Por esta primeira representante se percebeas vicissitudes da
vida, vê-se que esta procura uma confirmação na configuração narrativa como afirmação
no plano social e financeiro. Ela escondeu a fortuna furtada que só é encontrada
para sobreviverem depois do extravio econômico.
Zilda: privilegiada
ou lavadeira de roupas
A segundapersonagem feminina é Zilda, oprimida nos sentidos
e sentimentos, é revelada pela violência do estupro - sentiu o gozo do prazer
sexual com o Paxiúba, alegria antes nunca sentida em matrimônio.

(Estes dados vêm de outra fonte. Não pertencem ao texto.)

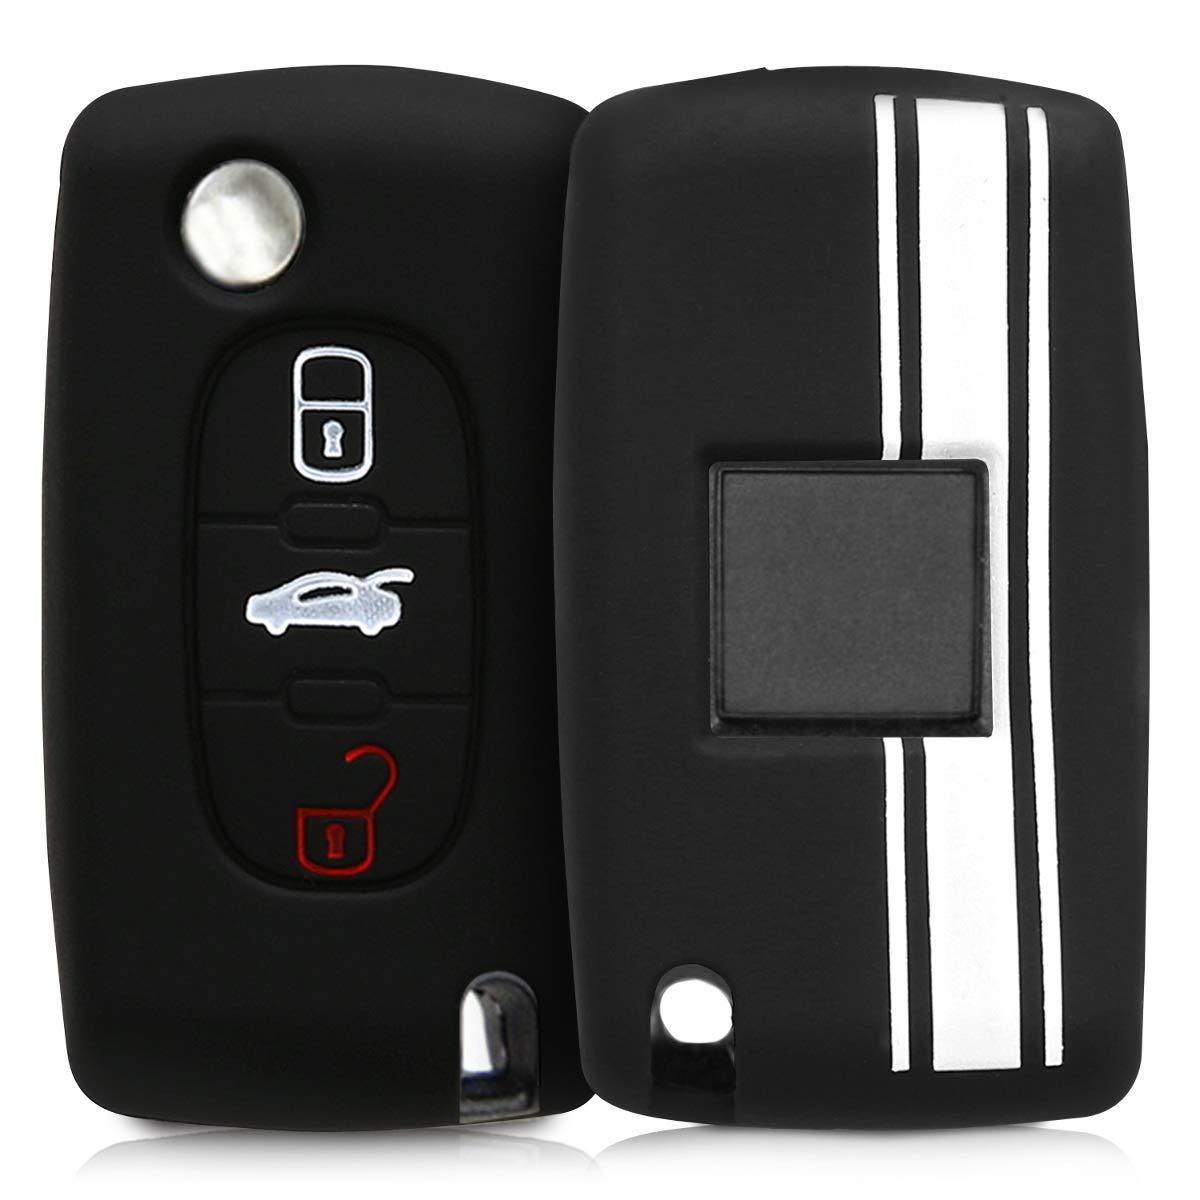 Fob Guard Car Key Signal Blocker Bag WIFI Car Key Signal Blocker Case GSM Blocker Case 2 Pack and 5 Pack RFID Blocking Secure Card Holder Nabance Signal Blocking Case Antitheft Lock Devices RFID Blocker LTE NFC

Zilda nada dissera ao marido Laurie
Costa seu único bem. Ela o amava, boníssimo. Mas não tivera filhos, não pudera.
E mais: Nunca sentira nada com ele.
Servia ao marido. Só mulher à-toa devia sentir orgasmo. Seria morta por
Laurie se gemesse, se tivesse o Gozo. (SAMUEL, p:42) Perto de Paxiúba sentia-se
nauseada, contraía a boca de enojo, de enjoo de coisa nojenta, gosmosa, de
grossa goma como o látex, a boca se
enchendo de cuspe, que cuspia quando o rapaz chegava nela (SAMUEL:44).
O autor (SAMUEL) admite, de bom
grado, que essa identificação entre o pensamento histórico e o “juízo sinótico”

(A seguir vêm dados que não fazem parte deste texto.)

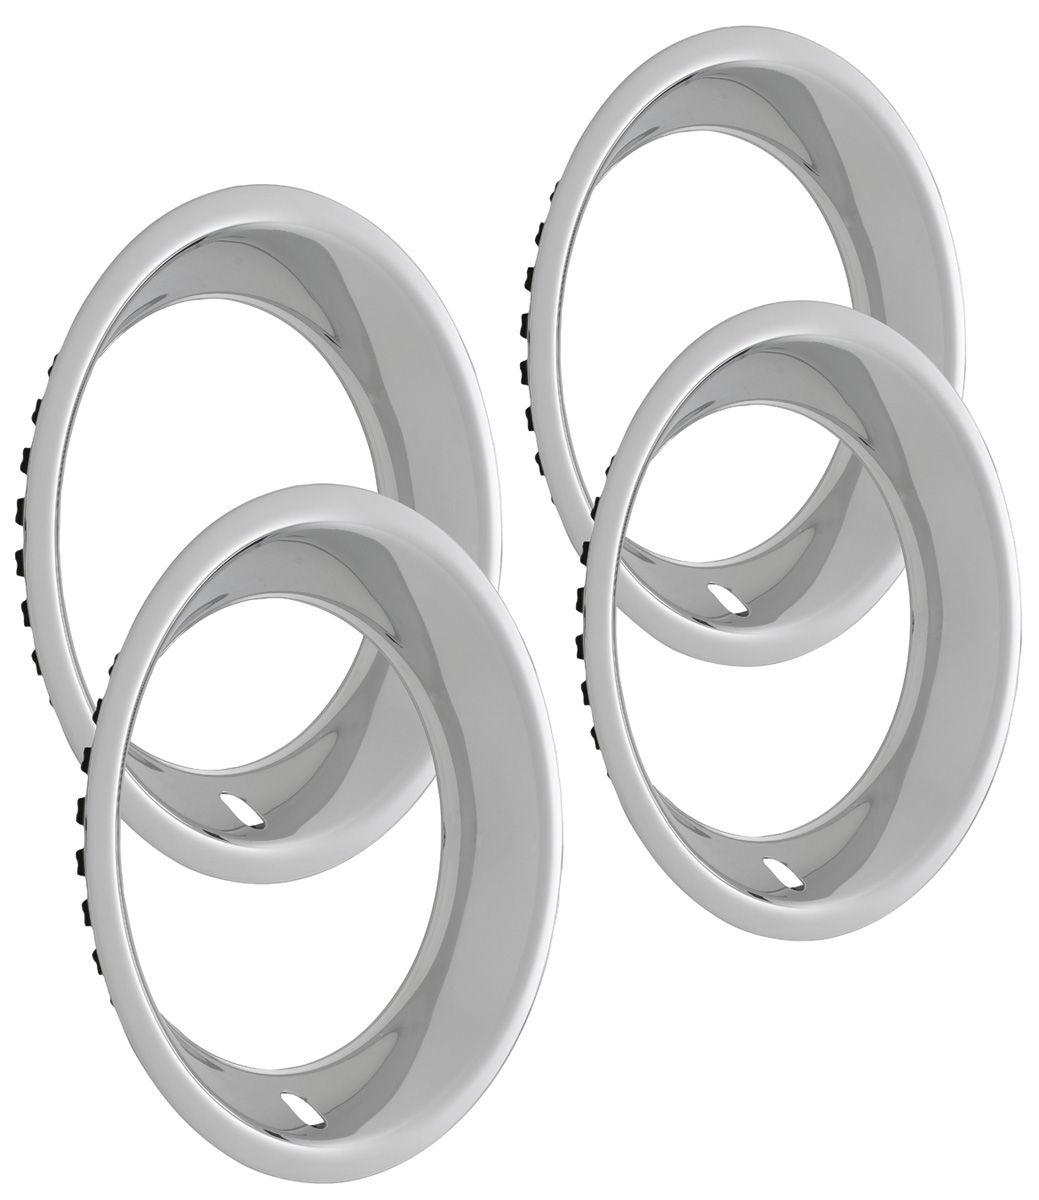 "Photo of Regal Wheel Trim Rings, Rally (Stainless) Round Lip 15"" x 7"" (2-3/8"" deep)"

deixa em aberto os problemas epistemológicos propriamente ditos, tais como a
“questão de saber se ‘sínteses interpretativas’ podem ser logicamente
comparadas, se há razões gerais de preferir uma à outra e se estas últimas
constituem critérios da objetividade e da verdade histórica” (RICOEUR, 2005:
224).
Zilda, esposa do Laurie Costa,
lavadeira das roupas volta galopante, no ódio, no nojo, no asco e escarnio
gosmento. E a voz que ouviu, na revoada de sons de índio, dicção de um fenômeno
conivente, curiosamente fino, de metal, [...] E Zilda sob aquela pressão se
mexia dentro de si, incomodada, e em pânico, com asco e odioso horror, ao
sentir-se tocada na hospitalar penetração da cabeça assassina e animalizada da
voz, nativa do cumaru, fecundante terra – timbre autônomo e sibilante da
serpente e não do agressivo mas do insistente, da demoníaca ousadia que dizia: ‘te
conheço’. E dizia: ‘não te podes esconder de mim’ (SAMUEL: 40).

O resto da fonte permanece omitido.